Only a few other Fortune 500 companies joined Chevron, which ranks third on the elite list behind only Exxon Mobil and Walmart, in making contributions to super PACs, and none gave as much as the energy giant.

Caesar’s Entertainment Corp., for instance, ranked by Fortune at No. 288, gave $150,000 to Majority PAC, a group that successfully helped Democrats retain their majority in the U.S. Senate.

“Fortune 500 companies are the least likely to be the ones who will be out in front giving publicly,” said Rick Hasen, a law professor at the University of California-Irvine. “They want to have influence over elections and elected officials, but they don't want to alienate customers.”

By category, companies in the finance, insurance and real estate sector donated more than $15 million, “general business sector” firms gave about $14 million and energy sector companies contributed more than $11 million, according to the analysis.

Unions, by contrast, donated about $60 million to super PACs from their treasuries or political action committees.

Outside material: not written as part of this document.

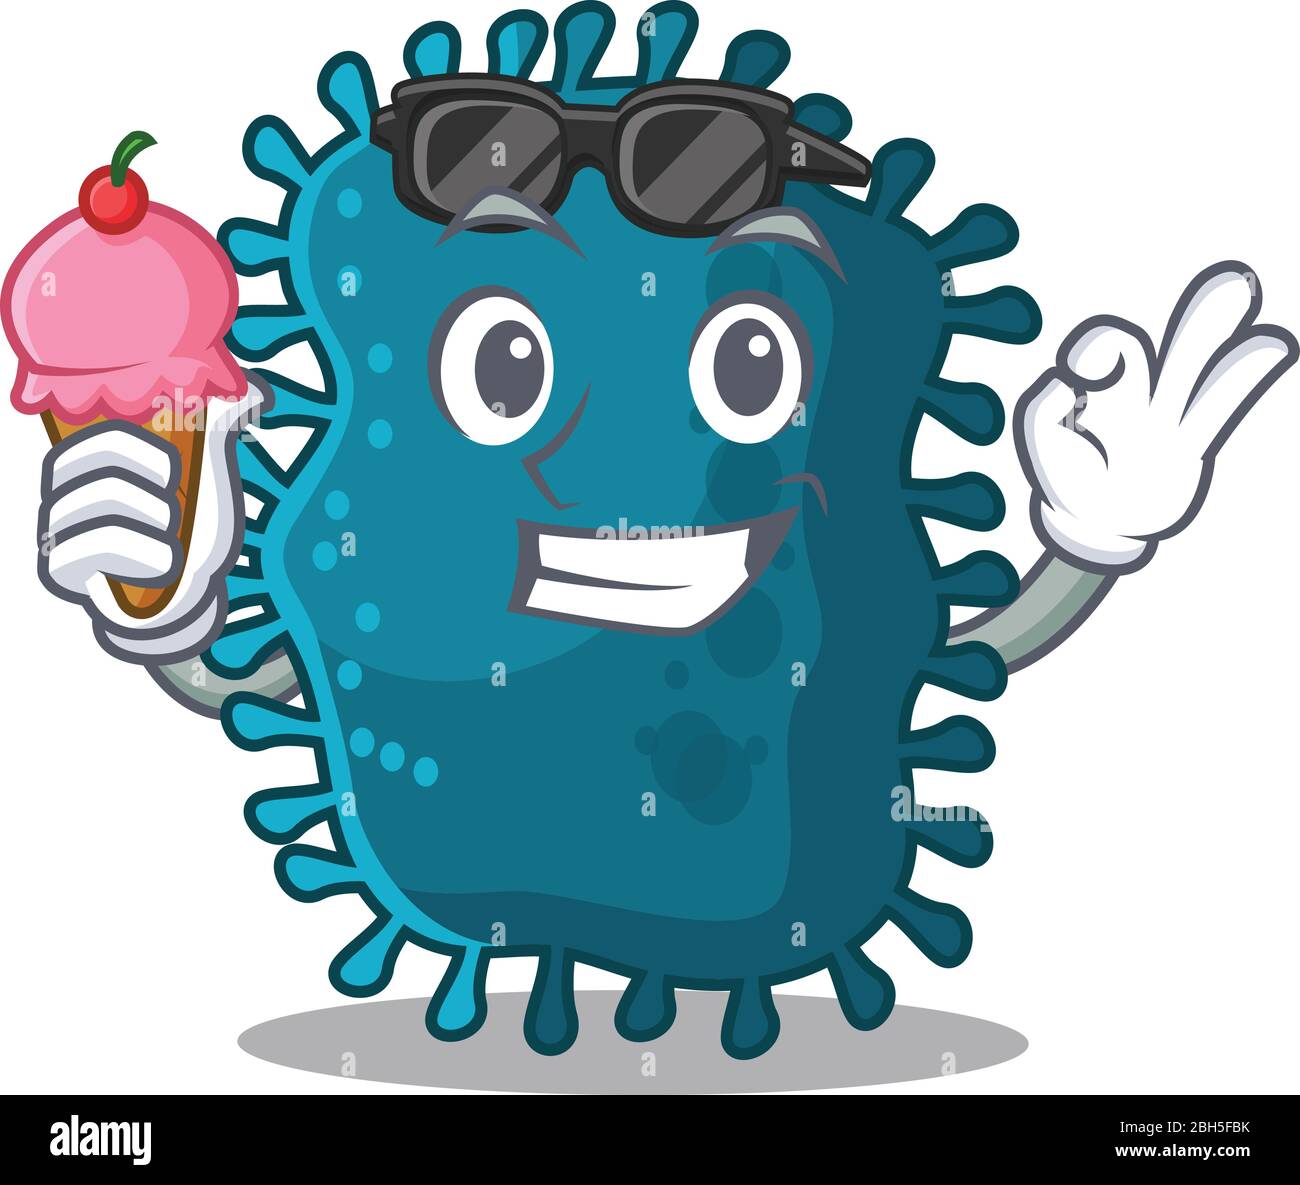 Clostridium Stock Vector Images - Page 2 - Alamy
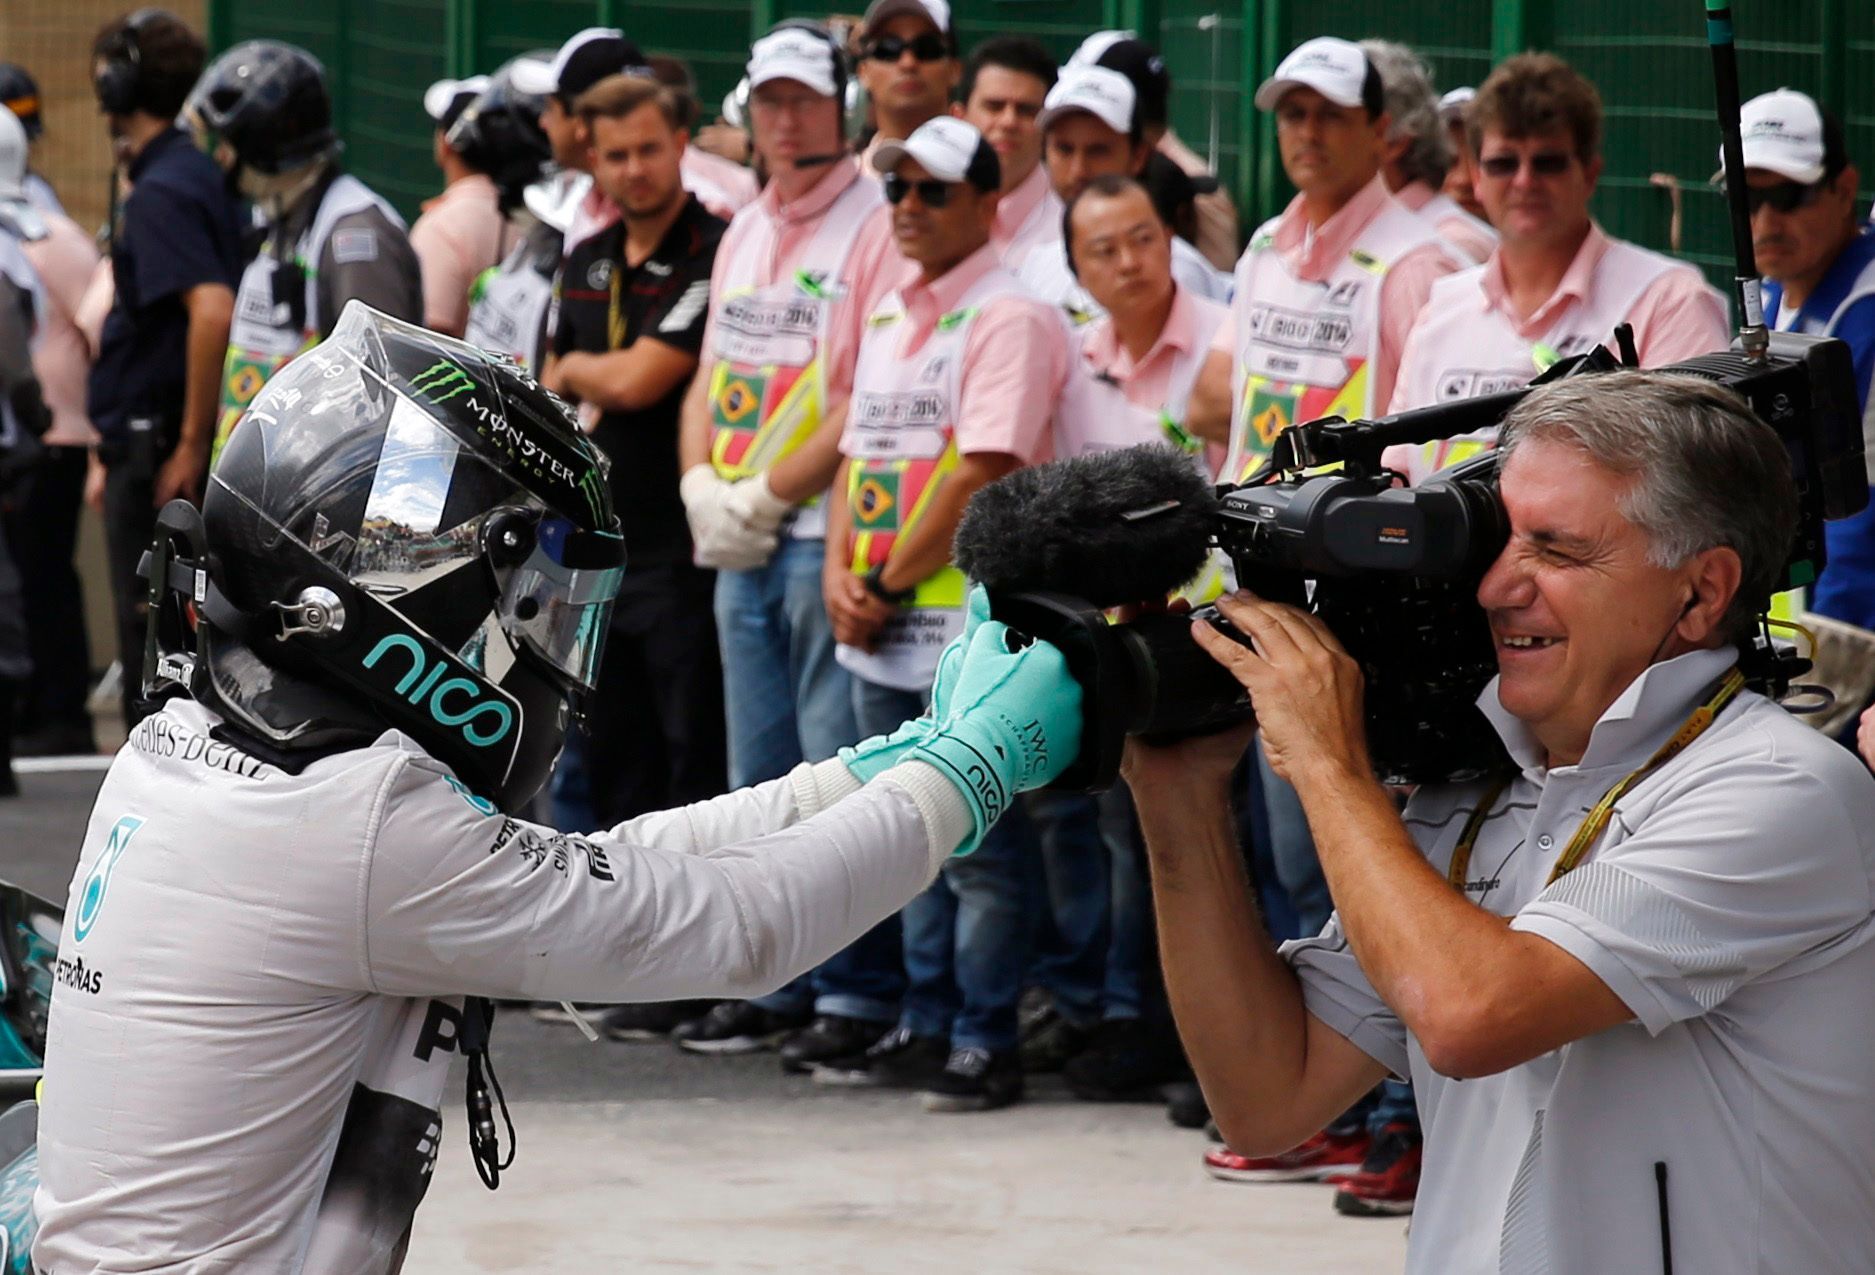 Mercedes Formula One driver Nico Rosberg of Germany jokes with the cameraman to celebrate as he steps out of his car after winning the Brazilian Grand Prix in Sao Paulo

The top union donors included the National Education Association ($9 million), the United Auto Workers ($8.6 million) and the AFL-CIO ($6.4 million). All of these groups spent heavily on Democratic candidates.

Additional corporate money may be flowing through politically active nonprofits that don’t disclose their funders.

“I strongly suspect that most of the corporate money is hiding in plain sight in trade associations like the U.S. Chamber of Commerce,” said Ciara Torres-Spelliscy, a professor at the Stetson University College of Law.

For its part, the Chamber — which collects dues from companies such as Aetna, Chevron, Dow Chemical and Microsoft — reported spending more than $35 million on political ads, which overwhelmingly favored Republican politicians.

Andrea Fuller of the Center for Public Integrity contributed to this report.

This story is a collaboration between the Center for Public Integrity and the Center for Responsive Politics.